The Rock vs. In Cold Blood

Many people tell me they don’t read fiction. They tell me that they prefer true stories. They even tell me that they only watch reality TV (although many friends claim not to watch television ever). To all of the truth verses fiction people I say: truth and fact are not synonyms.

When people tell me they only read or watch true stories, what they are really saying is that they prefer to read or watch stories inspired by real life events. They want a non-fictional basis to their fictional material. There is in fact nothing in print or on the screen that is not edited, shaped, and altered by the process of writing, filming, or even verbal story telling. The very act of reporting an event changes the event being reported. Have you ever listened to two people report on what they saw while watching the same event? Which version is factual? Story telling is a montage of life experiences. Events are selected and shaped. This is true of both non-fiction and fiction.  To do otherwise (with apologies to James Joyce) makes for a tedious, boring story. Try taping actual conversations while sitting in Starbucks or while at the airport and transcribing them. Listening to the recordings or reading the transcripts is excruciating. I’ve done it.

Recently, while preparing food, I was listening to an NPR station in Los Angeles. The program featured a story about Truman Capote’s famous book, IN COLD BLOOD. The book is often called ‘the’ masterpiece of non-fiction narrative and rightly so. The NPR report said that significant parts of the book also are made up (aka fiction). Capote used details that are simply not true – details that he knew were not true. The big question for the reporter, therefore, was how much of what Capote claimed to have happened that cannot be proven, such as the relationship between the two killers? My question is this: does it matter? Do we not feel that you have entered the corridor of evil when you read Capote’s book? Do we not feel a sense of a time when senseless murder shocked people differently from how it impacts people today? Do we not learn something about crime and punishment? Do we not suffer or grieve or weep?

The first book I published was a memoir, a story about a man who was an aviation disaster investigator. To the best of my knowledge, I did not write about events that did not occur. On the other hand, most of the names in the book are fictional. The legal department insisted on it. If we knew for a ‘fact’ that the person is named Ken, we still had to call that person Kevin or …. The non-fiction narrative I co-wrote opens with a scene inside a house on Christmas Eve. The man is doing whatever and his wife is reading to their son. The man gets a phone call telling him that a helicopter has crashed. The man and the woman talk. They put on their coats and leave the house. Does anyone reading the chapter believe that there was a tape recorder running in the living room? Does the reader believe someone was taking notes? The conversation and actions of the characters dramatize what the subject of the memoir remembers looking back many years later. The words spoken, the actions of characters, and the thoughts and feelings expressed were made up by me (though inspired by a factual event).

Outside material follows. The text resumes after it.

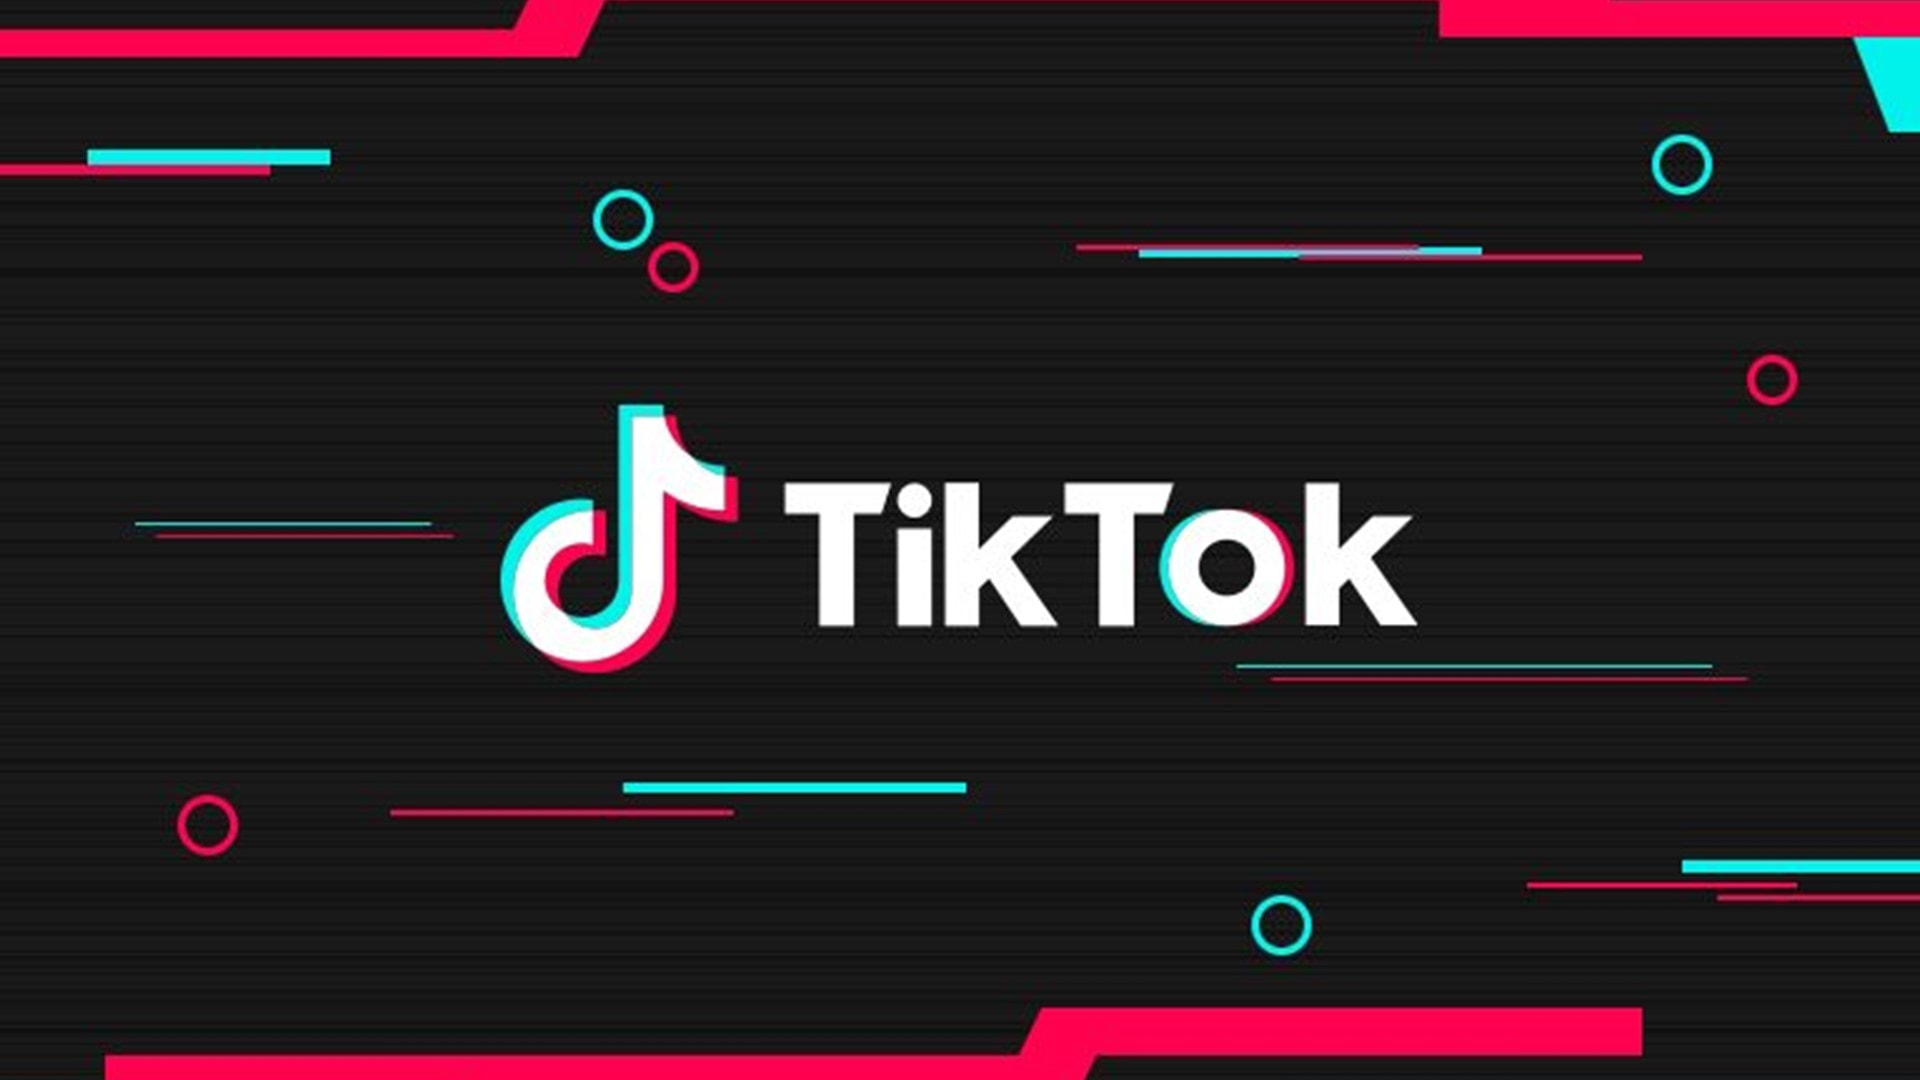 TikTok Songs Wallpaper - EnJpg

Perhaps you believe that Survivor is real, that the cameras are turned on for an hour a week and that people do these amazing things for an hour. Do you never wonder about the other six days and twenty-three hours?Perhaps you even believe that wresting is real, that The Rock actually hit someone in the face with his elbow and did not draw blood or break bones. Perhaps you think that we truly know what President Lincoln said to his wife in their bedroom in 1863. If you do … but you don’t, do you, really?

Nothing I am saying here excuses people who write fiction and claim the work is non-fiction in order to appeal to an audience who prides itself on not reading fiction. (I grew up in the Missouri Ozarks and do not know of a truer portrayal than in the fictional book and feature film, WINTER’S BONE). Writers, filmmakers, and other storytellers lie about their work because they know it is easier to sell books and movies to the public. I’ve written both non-fiction and fiction books; I’ve written non-fiction and fiction screenplays. I even got fired as the screenwriter on a biographical movie for writing about what really happened and by using the “actual” words of the character (found in letters written by her). I wrote facts. The producers wanted something else: a bigger truth.  So did I when I wrote the thriller novel (some call it a horror/thriller) Claws.

Claws is based on an actual event that occurred in 1995, but I did not write about the State Police hunt or the man and women who ran Ligertown and went to jail because of animal cruelty. In writing Claws I wanted to explore a truth that is not found in facts. The truth I wanted to write about is found by delving into human behavior. The truth of my novel comes from reporting how people behave under duress or while in love or faced with hard choices. To me, the only truth worth writing about is the truth of the human heart. In my experience fiction often is truer than fact when it comes to exploring human actions and emotions. Now that’s a fact!